Na sexta-feira passada, um relatório divulgado pela Justiça apontou detalhes dos abusos cometidos por padres católicos na Bélgica da década de 60 até meados dos anos 80. O documento ressalta as “pressões” e a lei do silêncio que imperou durante décadas no seio da igreja belga sobre o assunto e destaca que ao menos 13 vítimas se suicidaram anos depois de terem sofrido os abusos. Dois terços dos denunciantes são homens.

O documento, que contém os testemunhos anônimos de 124 “sobreviventes” –termo utilizado pela própria comissão– destaca que os abusos sexuais da maioria das vítimas aconteceu aos 12 anos, mas também existem casos de crianças vitimadas dos dois aos sete anos.
A descrição das vítimas sobre os autores dos abusos geralmente é imprecisa, já que passaram muitos anos desde os crimes, mas depois das verificações pertinentes a comissão determinou que 102 eram membros de uma congregação religiosa.

“É possível afirmar que nenhuma congregação fica à margem dos abusos sexuais de menores por parte de um ou vários de seus membros”, destaca o relatório.

A comissão recebeu muitos depoimentos, a princípio prescritos do ponto de vista penal, após a renúncia forçada de Vangheluwe.

Na entrevista coletiva, o bispo de Tournai, Guy Herpigny, afirmou que a maioria destes casos são antigos, enquanto “os abusos sexuais continuam sendo cometidos em todos os níveis da sociedade”. Ele afirmou ainda que faz falta uma “nova estrutura de colaboração” entre Igreja, Justiça e especialistas em ajuda às vítimas.

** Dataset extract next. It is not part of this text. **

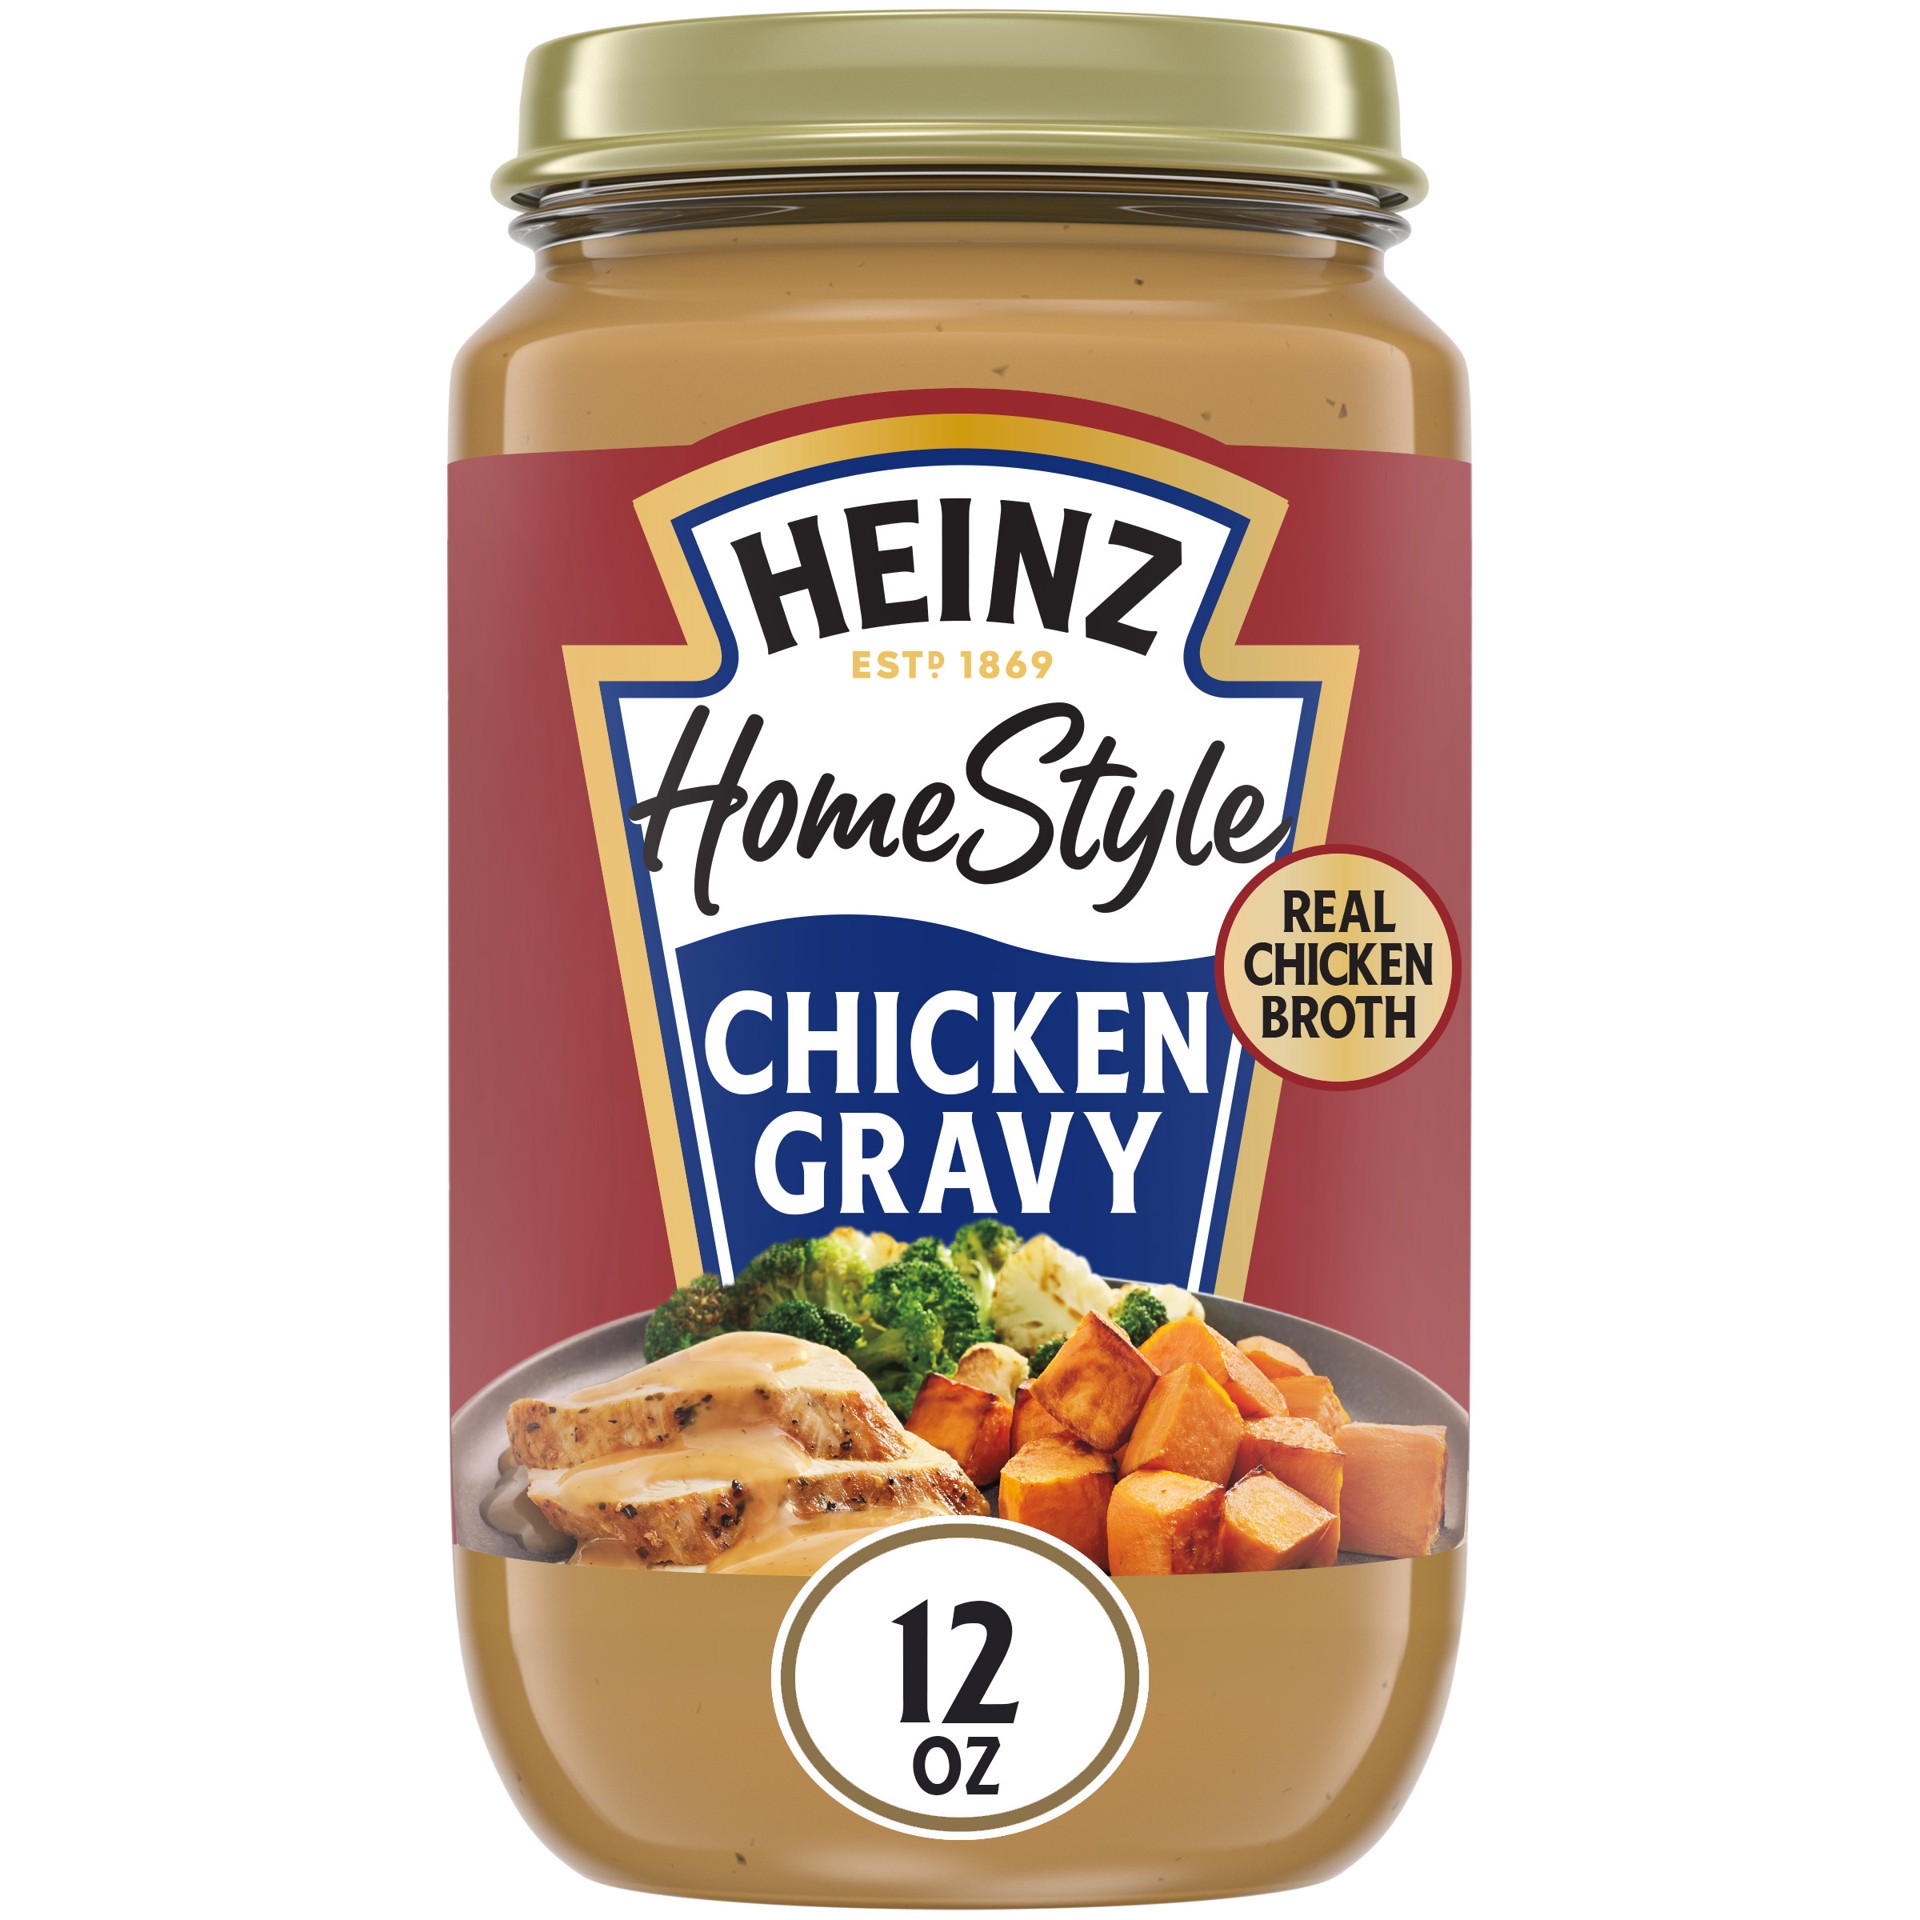 slide 1 of 14, Heinz HomeStyle Classic Chicken Gravy, 12 oz Jar, 12 oz

[b]Vítimas de abuso acham insuficientes propostas da Igreja belga[/b]

Críticos acusam a Igreja de não agirem contra os padres malfeitores e de fazer vista grossa aos abusos. A comissão disse não ter encontrado evidências de que a Igreja tivesse acobertado sistematicamente os crimes, embora tenha visto casos em que nada foi feito.

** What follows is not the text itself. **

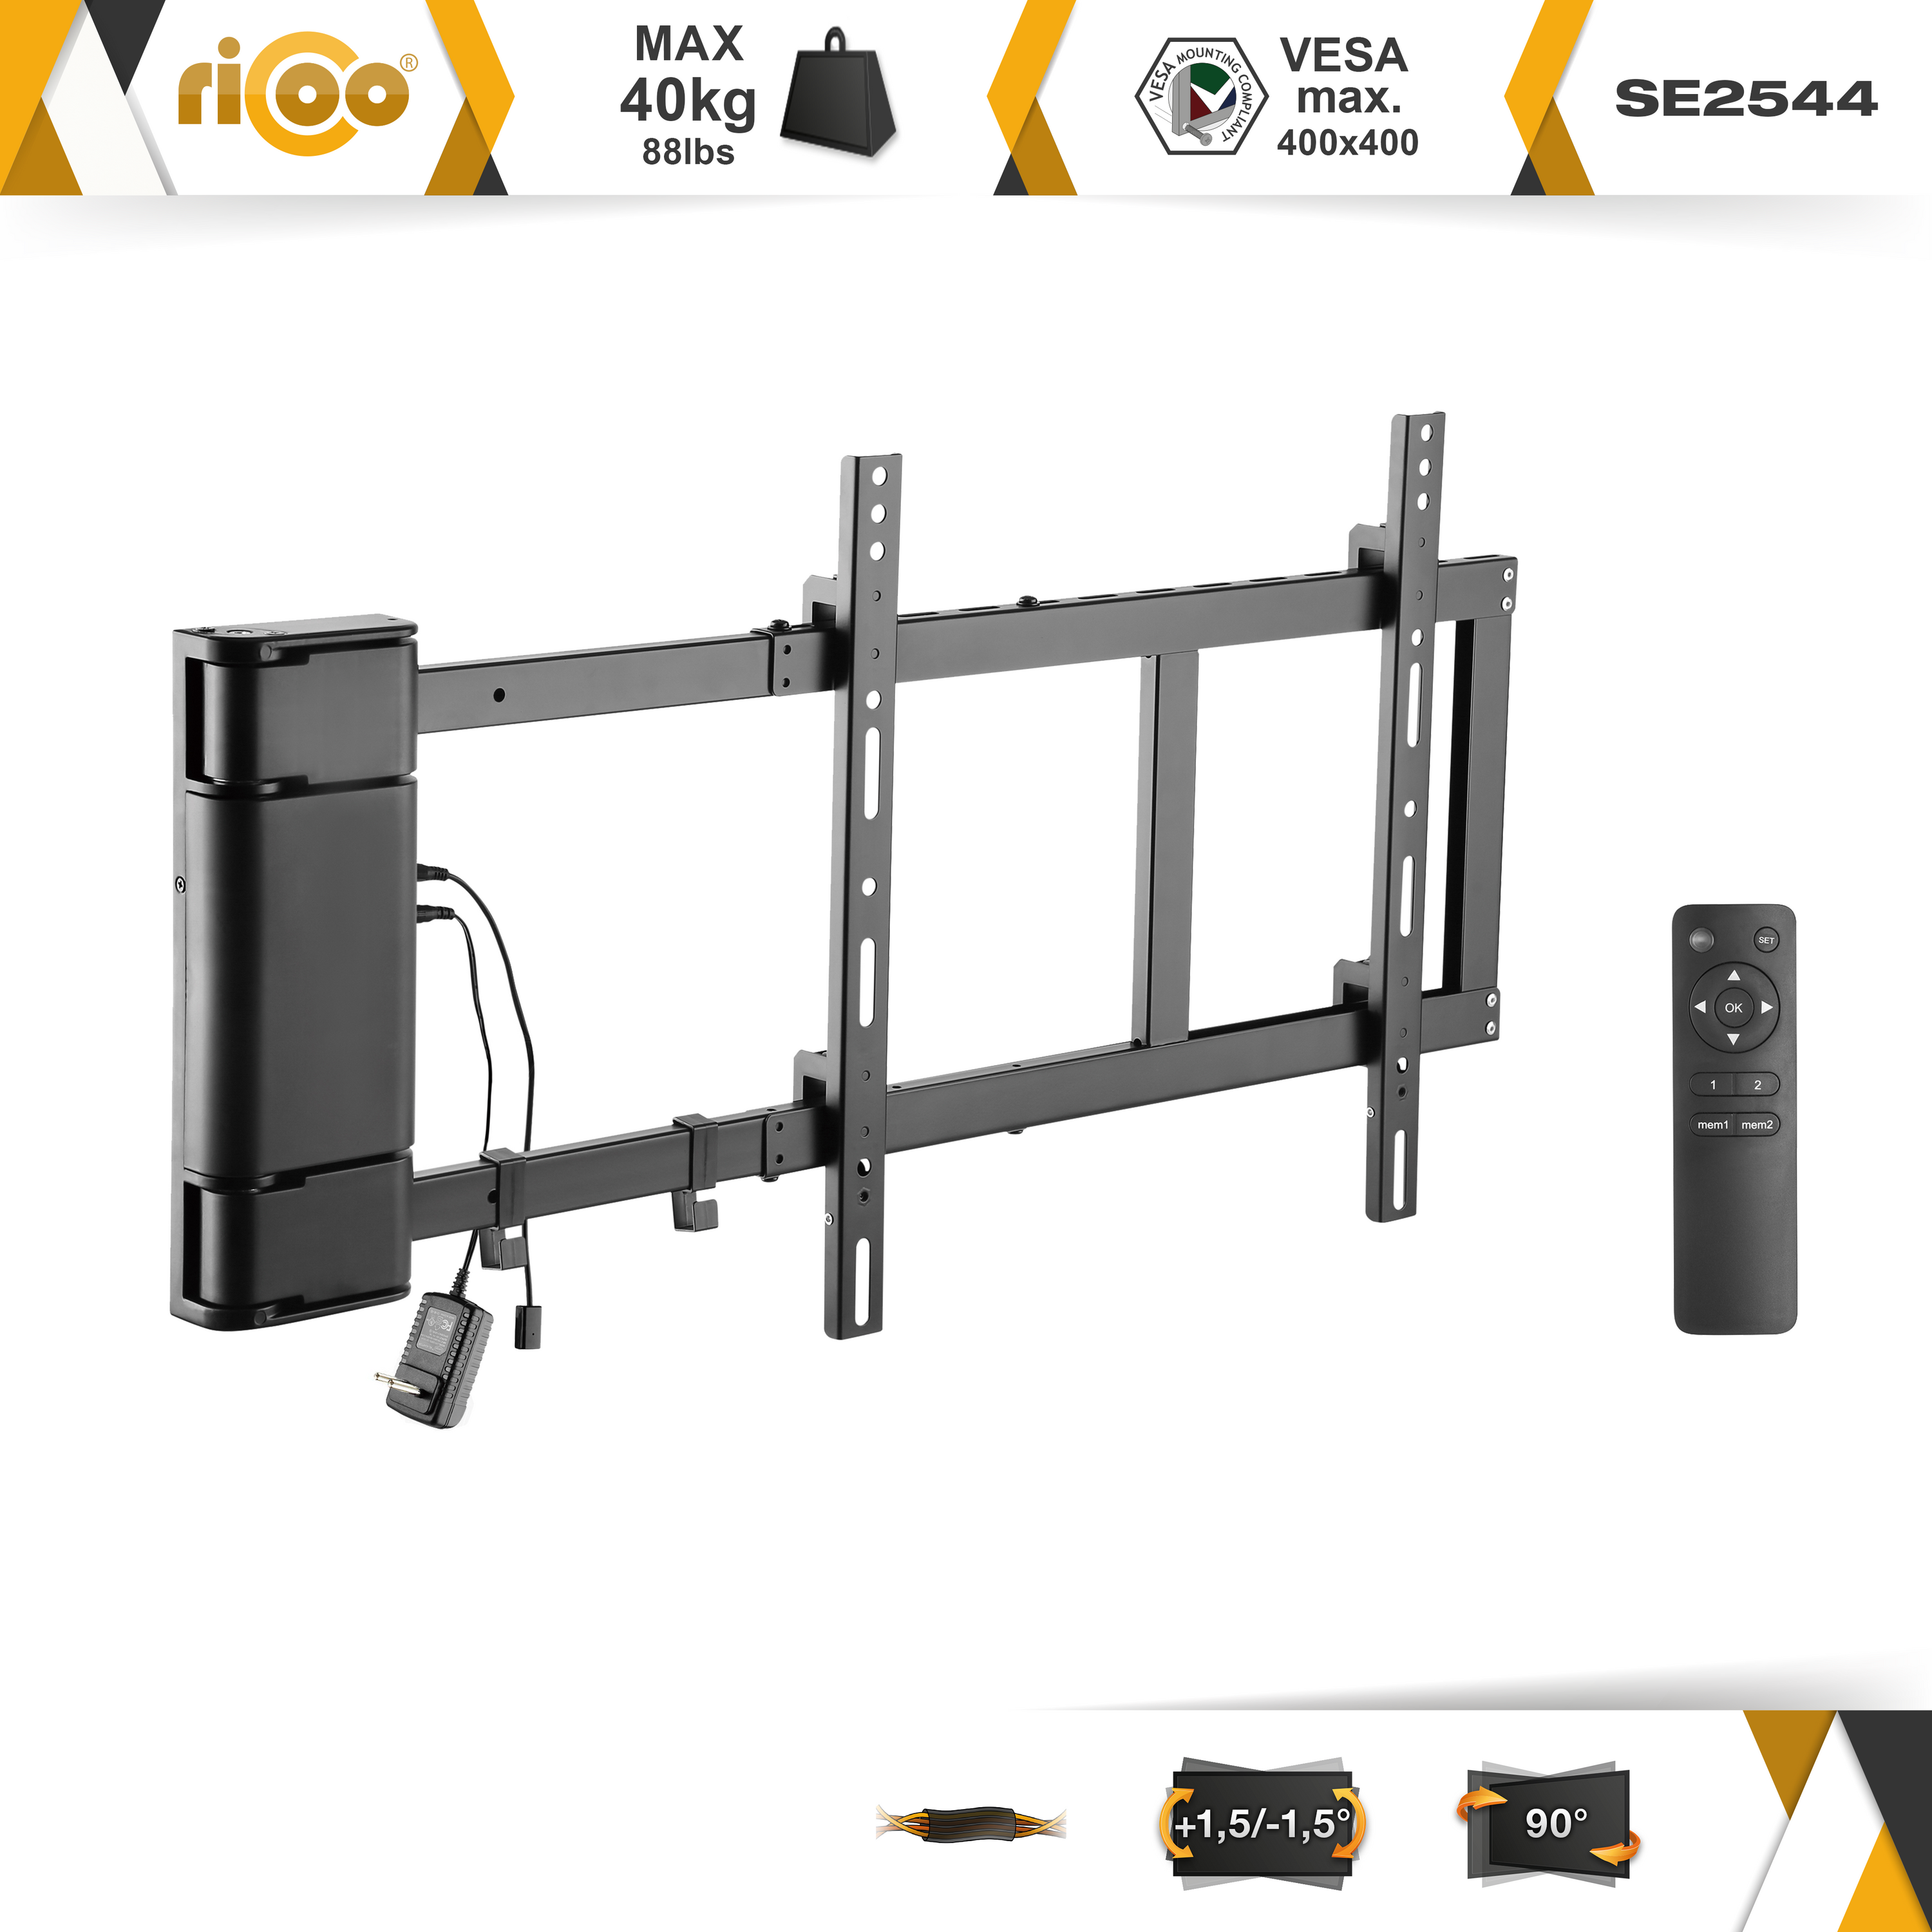 RICOO SE2544 elektrisch schwenkbar 400 VESA universal bis ausklappbar TV x Halterung Schwarz 400 Fernseher Wandhalterung

O centro voltado para o reconhecimento, cura e reconciliação das vítimas será possivelmente montado até o final do ano.

Sam Deurinck, que disse ter sofrido abusos de padres aos 11 e 13 anos de idade, foi um dos vários manifestantes que, diante da entrevista coletiva do arcebispo, seguravam fotos de si mesmos quando crianças.

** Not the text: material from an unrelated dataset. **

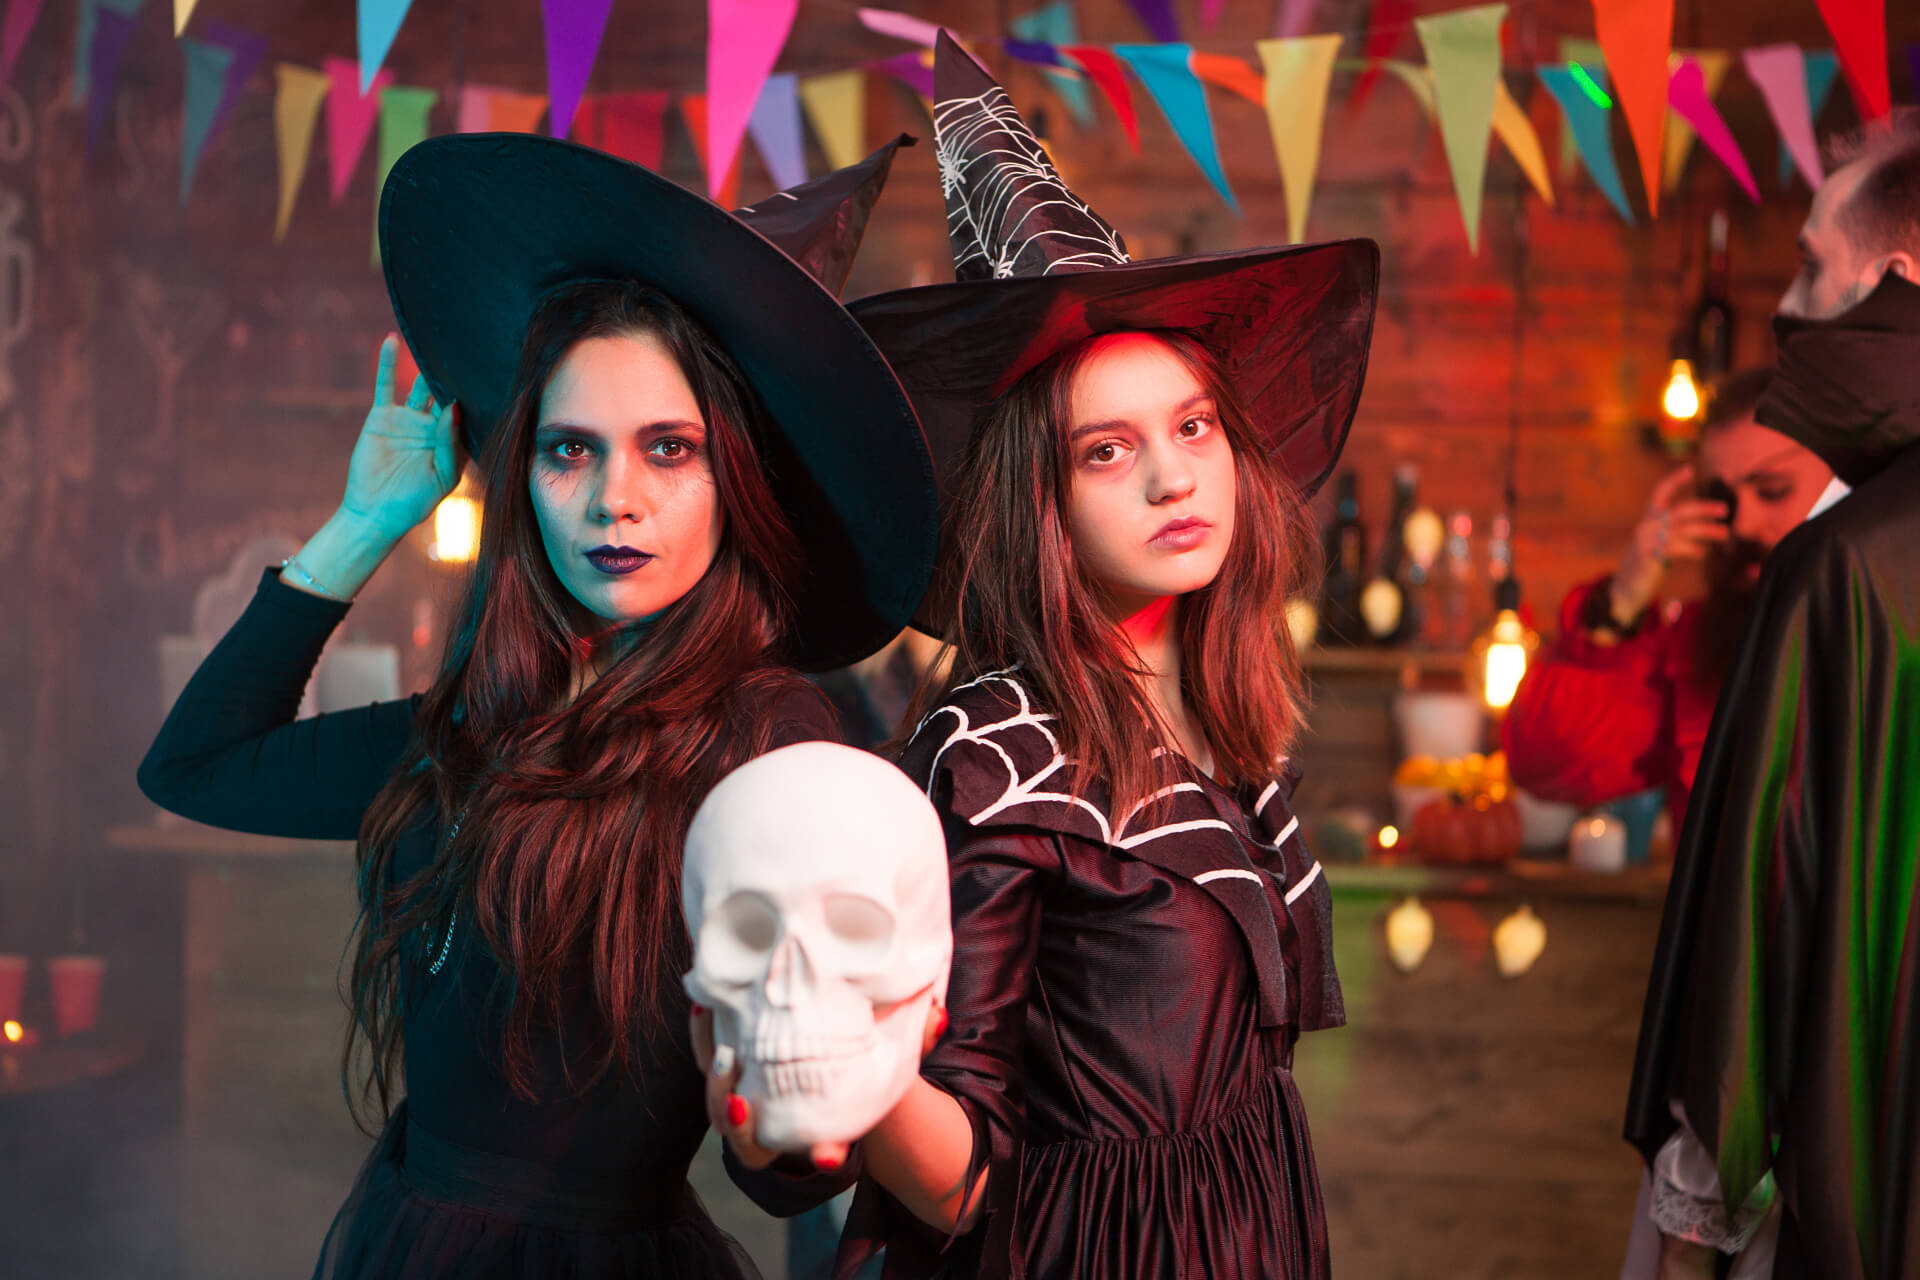 Bereite dich auf die gruseligste Nacht des Jahres vor und entdecke schaurig schöne Halloween-Kostüme für eine unvergessliche Party!

“Acho que será vinho velho em embornais novos. Os bispos já encontraram há muitíssimos anos várias técnicas para ganhar tempo e adiar seu julgamento final”, declarou ele à Reuters.

Walter Van Steenbrugge, advogado que representa cerca de 30 vítimas, disse a uma TV belga que a Igreja deveria se preparar para pagar indenizações e deixar os casos com a Justiça.

Em junho, investigadores apreenderam documentos e computadores em casas paroquiais e na residência do ex-chefe da Igreja belga, mas a Justiça posteriormente considerou as ações policiais ilegais.

Sobre o futuro do bispo Roger Vangheluwe, de Bruges, Leonard teve pouco a dizer. Vangheluwe disse no fim de semana que deixaria a abadia que vinha lhe dando refúgio, mas cresceu a pressão para que ele deixe também o clero.

“Cabe a Roma decidir”, disse Leonard. “Não cabe ao ex-bispo determinar sua própria punição.”